Para sahabat sepeninggal Nabi saw berkali-kali ditimpa masalah besar, tetapi tidak ada yang datang ke kuburan Nabi saw untuk meminta kepada beliau supaya memohon kepada Allah, sebaliknya mereka datang kepada orang hidup yang doanya mustajab seperti yang dilakukan oleh Umar dengan Abbas paman Nabi saw ketika meminta hujan.
2- Tawassul dengan kedudukan Nabi saw dan kedudukan orang lain selain Nabi saw. Dalam hal ini ada hadits palsu sebagaimana yang dikatakan oleh Syaikhul Islam dalam Majmu' al-Fatawa 10/319 yang berbunyi “Jika kalian meminta kepada Allah maka memintalah kepadanya dengan kedudukanku karena kedudukanku di sisi Allah agung.”
Tidak ada dalil shahih yang menetapkan bolehnya tawassul model ini, sehingga yang tepat adalah bahwa ia tidak boleh karena ibadah berpijak kepada dalil bukan karangan atau rekayasa akal belaka.
3- Tawassul dengan hak makhluk, karena makhluk tidak mempunyai hak wajib atas Allah, justru sebaliknya Allah-lah yang memberikannya kepada makhluk sebagai sebuah karunia. Kalau Allah membalas kebaikan kepada orang-orang yang taat, itu semata-mata anugerah dan karunia bukan layaknya balasan makhluk kepada makhluk yang lain. Di samping itu hak yang Allah berikan itu adalah hak khusus bagi penerimanya dan tidak ada kaitannya dengan orang lain, maka jika ada orang lain yang bertawassul kepada Allah dengan hak tersebut berarti dia bertawassul dengan sesuatu yang asing yang tidak ada kaitannya dengan dirinya dan itu tidak berguna, karena usaha orang hanya berguna bagi yang bersangkutan bukan orang lain.

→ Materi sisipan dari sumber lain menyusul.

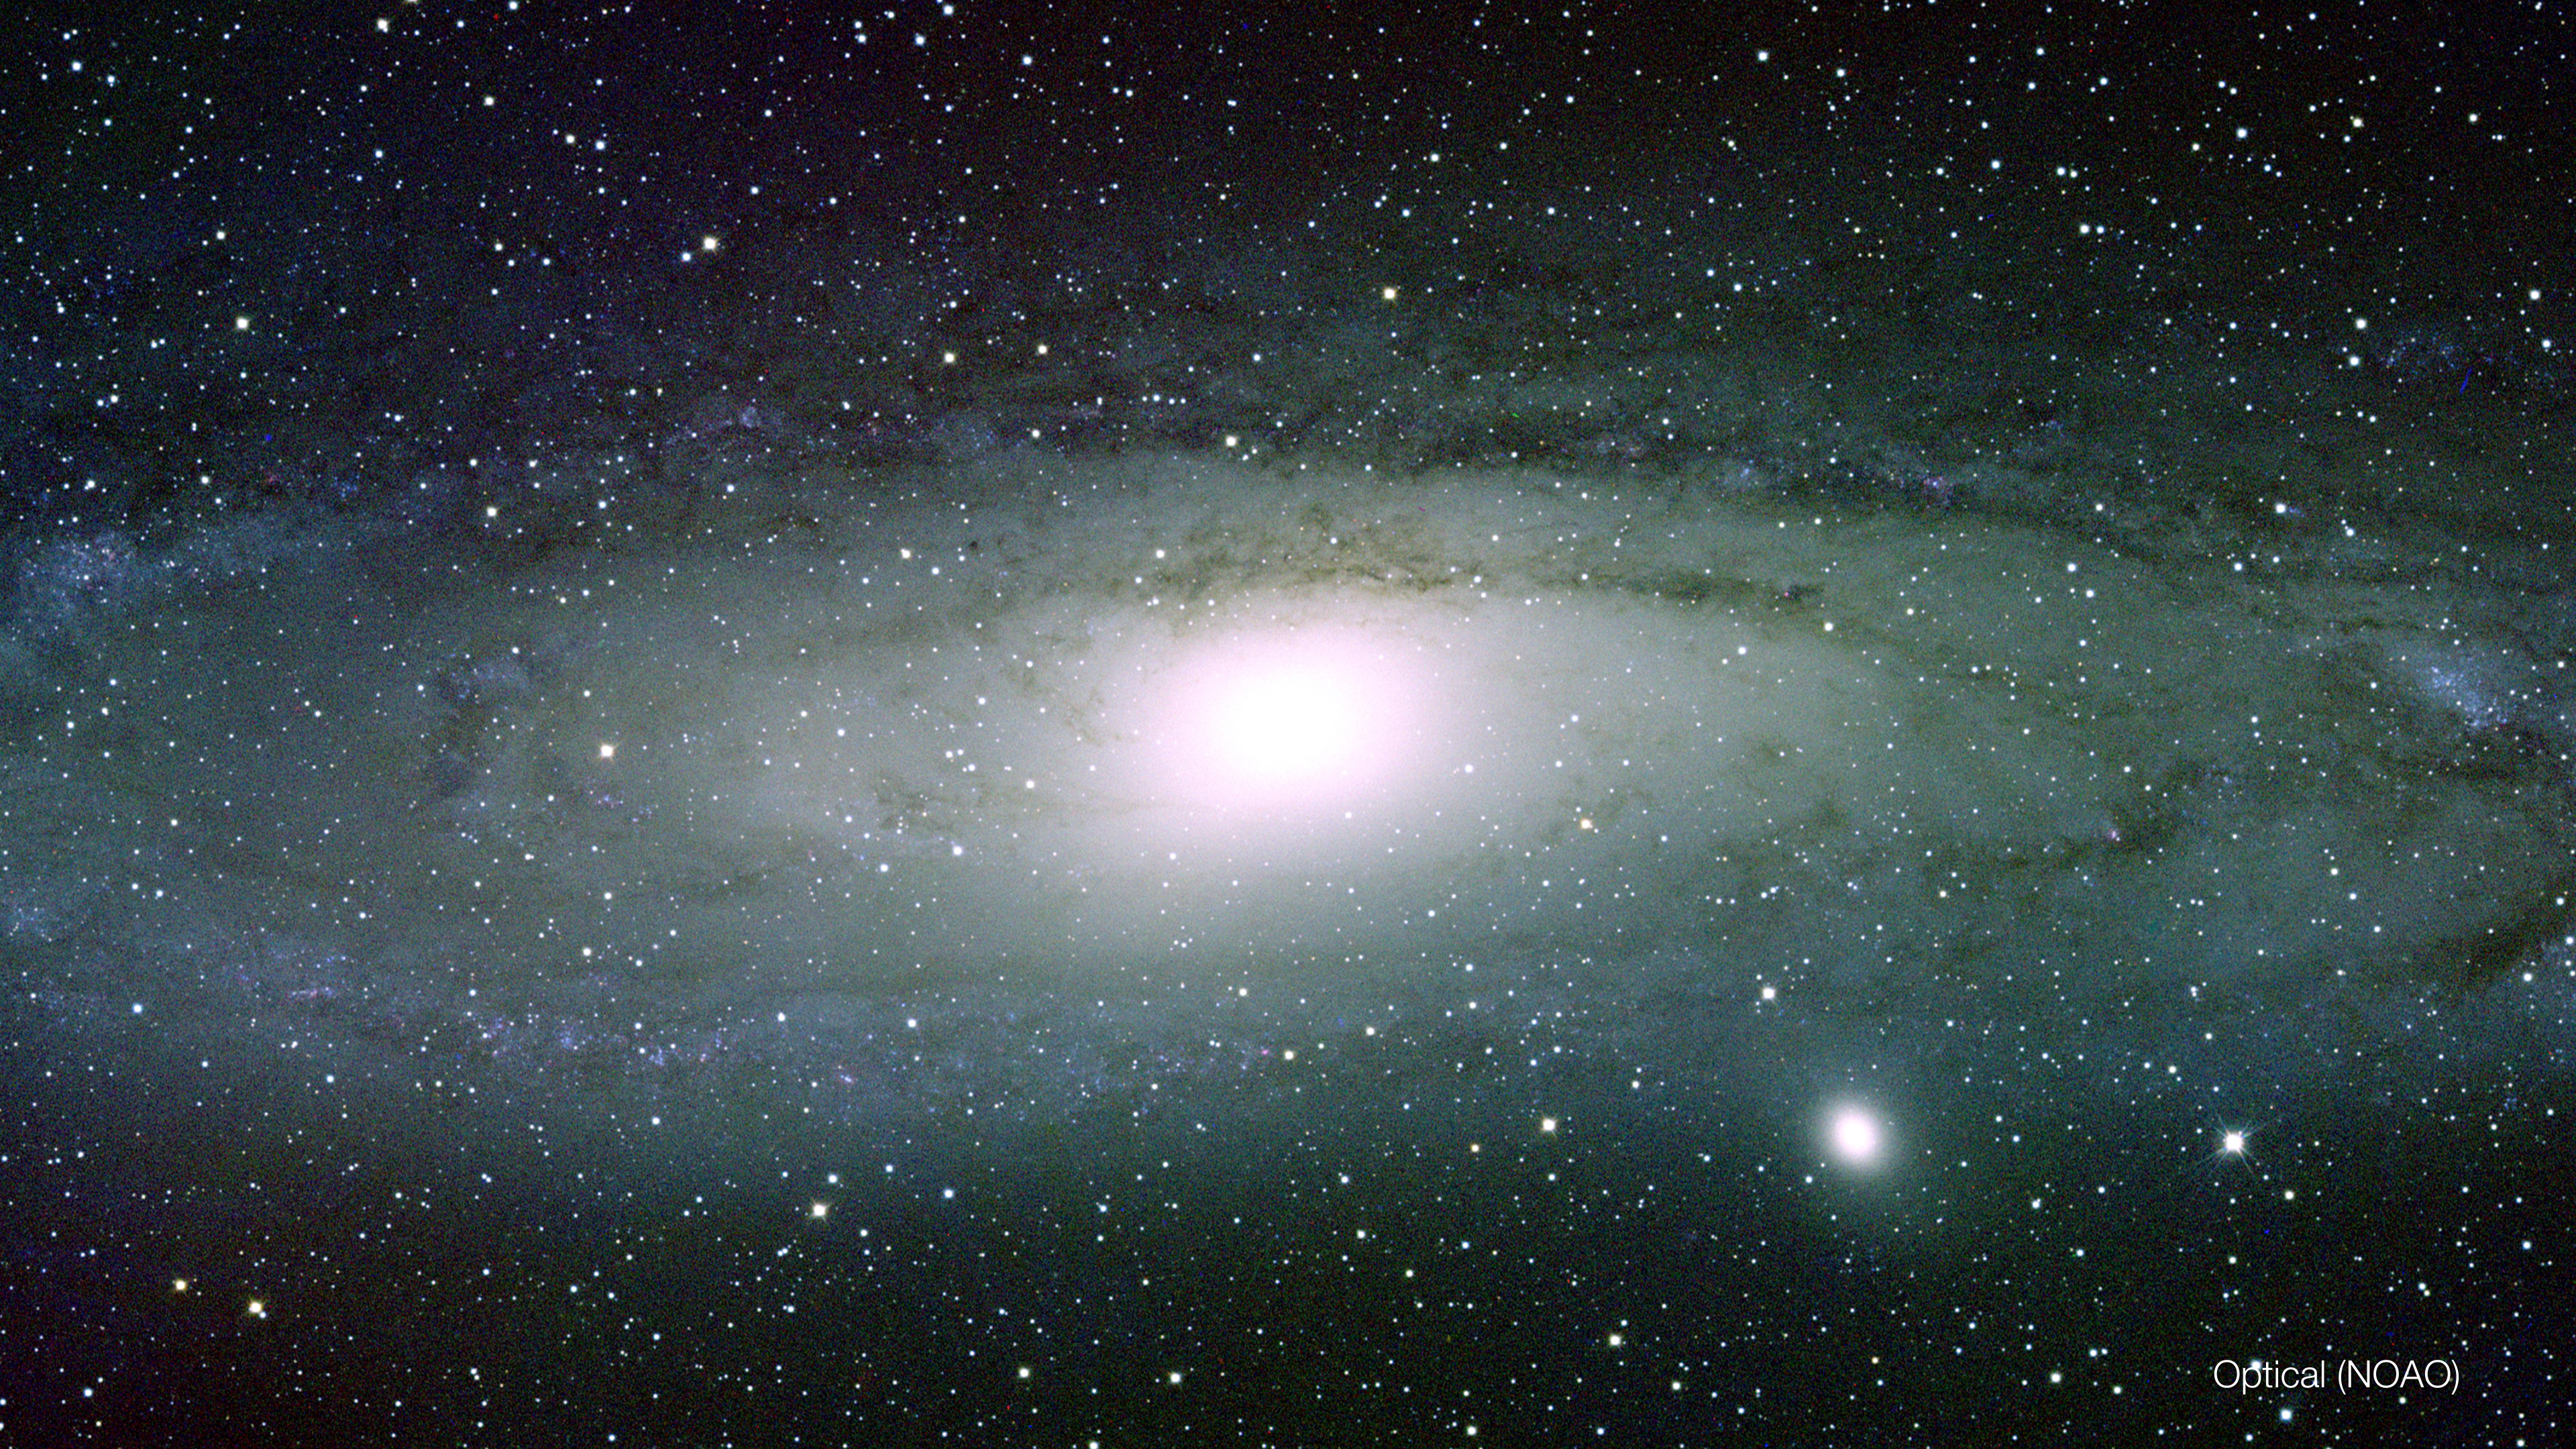 - Andromeda Galaxy in Visible and Infrared

4- Tawassul dengan dzat makhluk dengan mengatakan, “Ya Allah aku memohon kepadamu dengan (perantara ) fulan.” Tawassul ini tidak boleh karena Allah tidak pernah menyatakan bahwa pengangkatan fulan sebagai perantara antara pendoa dengan Allah sebagai sebab dikabulkannya doa di samping Dia memang tidak mensyariatkannya bagi hamba-hambaNya. Wallahu a’lam.
Dari Kitab Tauhid karya Dr. Shalih al-Fauzan Juz 3.